** Given information **
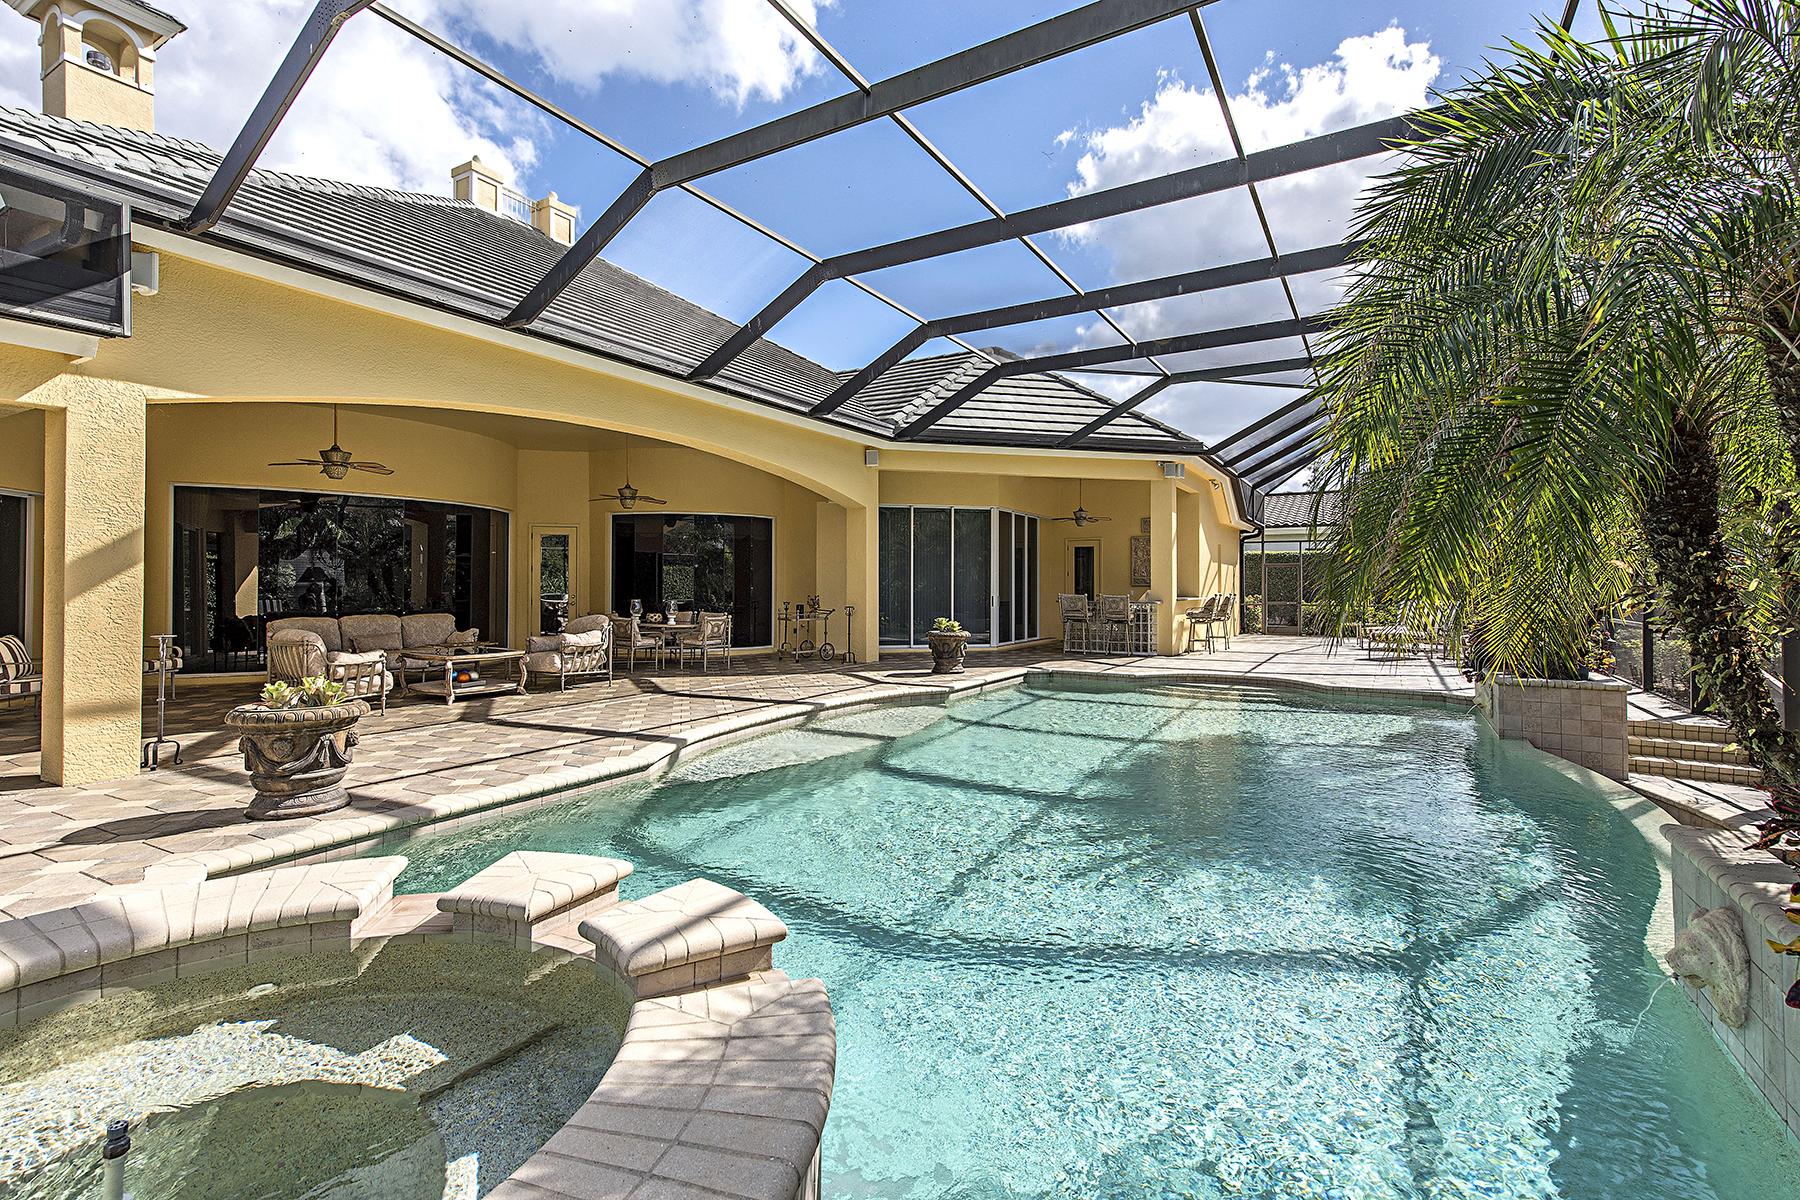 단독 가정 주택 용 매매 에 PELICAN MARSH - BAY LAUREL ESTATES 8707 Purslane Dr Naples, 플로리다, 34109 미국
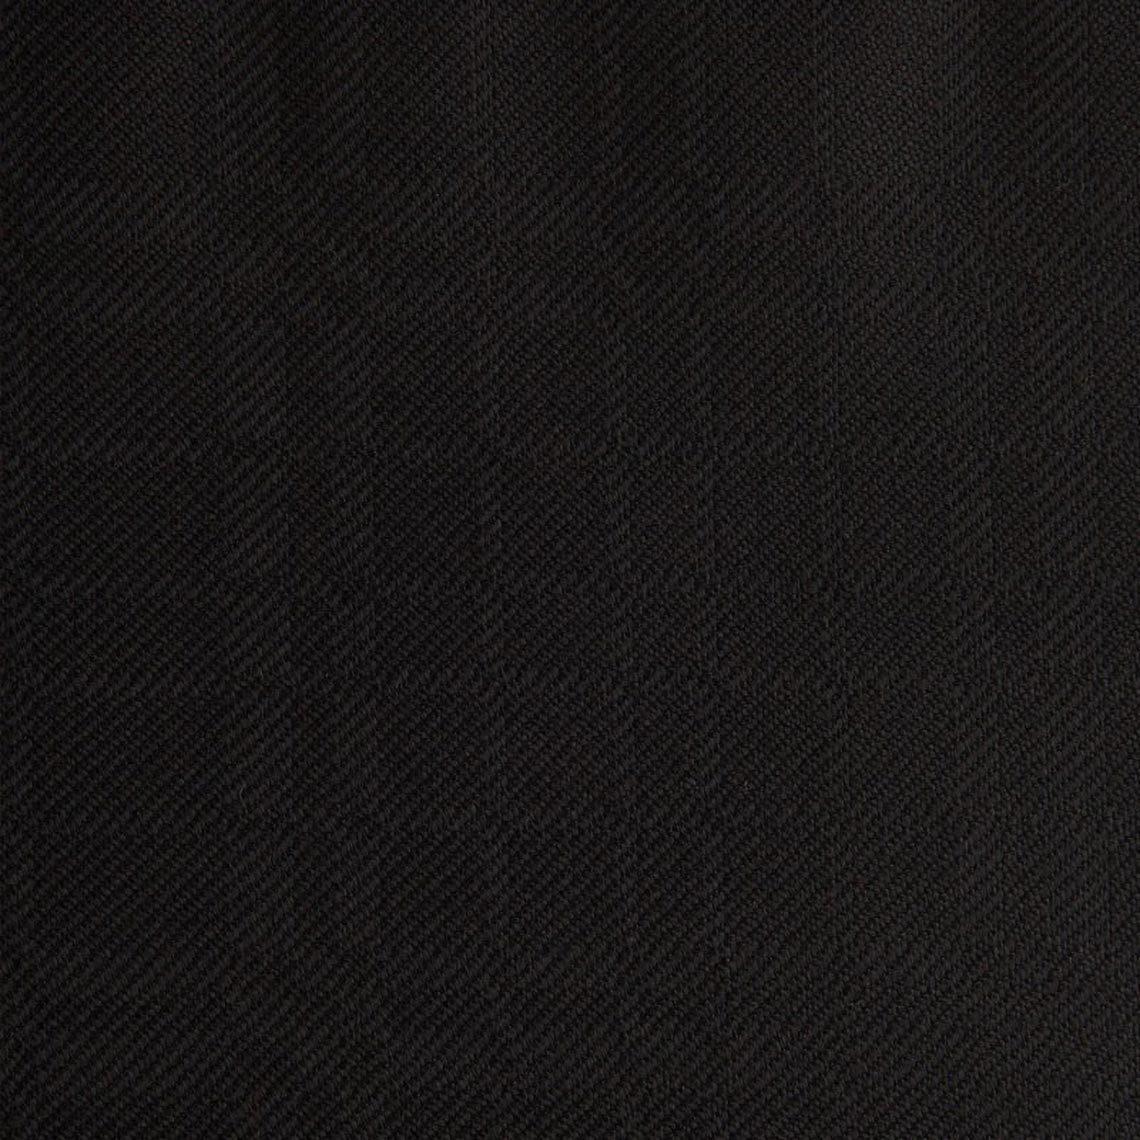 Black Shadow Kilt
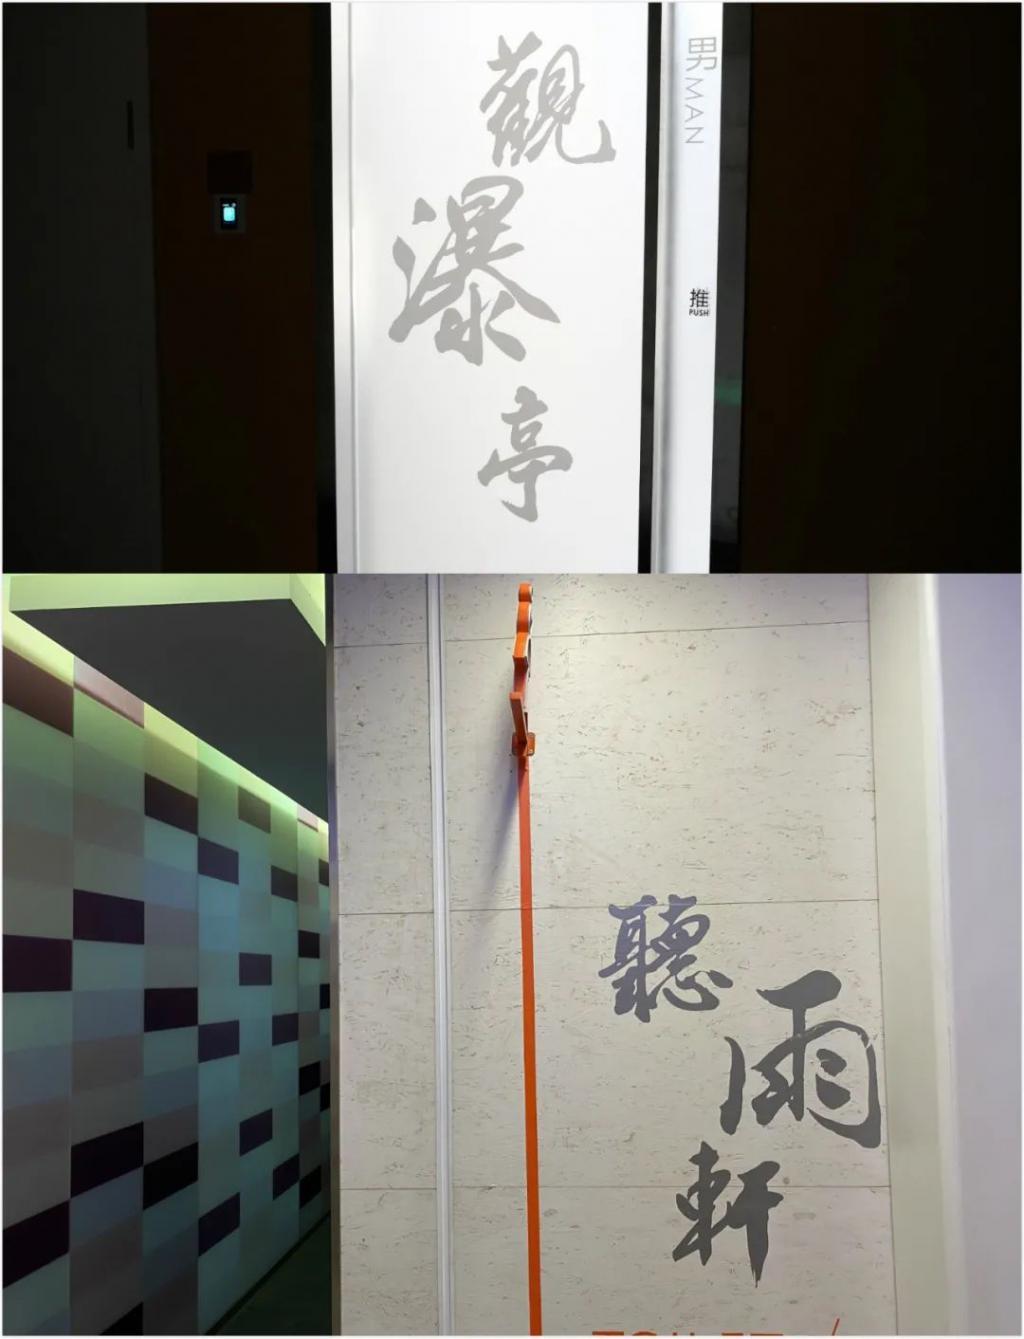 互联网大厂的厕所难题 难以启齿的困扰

** Task item **
Leaving every image behind, repeat the data in full and exactly.

** Solved problem **
 단독 가정 주택 용 매매 에 PELICAN MARSH - BAY LAUREL ESTATES 8707 Purslane Dr Naples, 플로리다, 34109 미국
 Black Shadow Kilt
 互联网大厂的厕所难题 难以启齿的困扰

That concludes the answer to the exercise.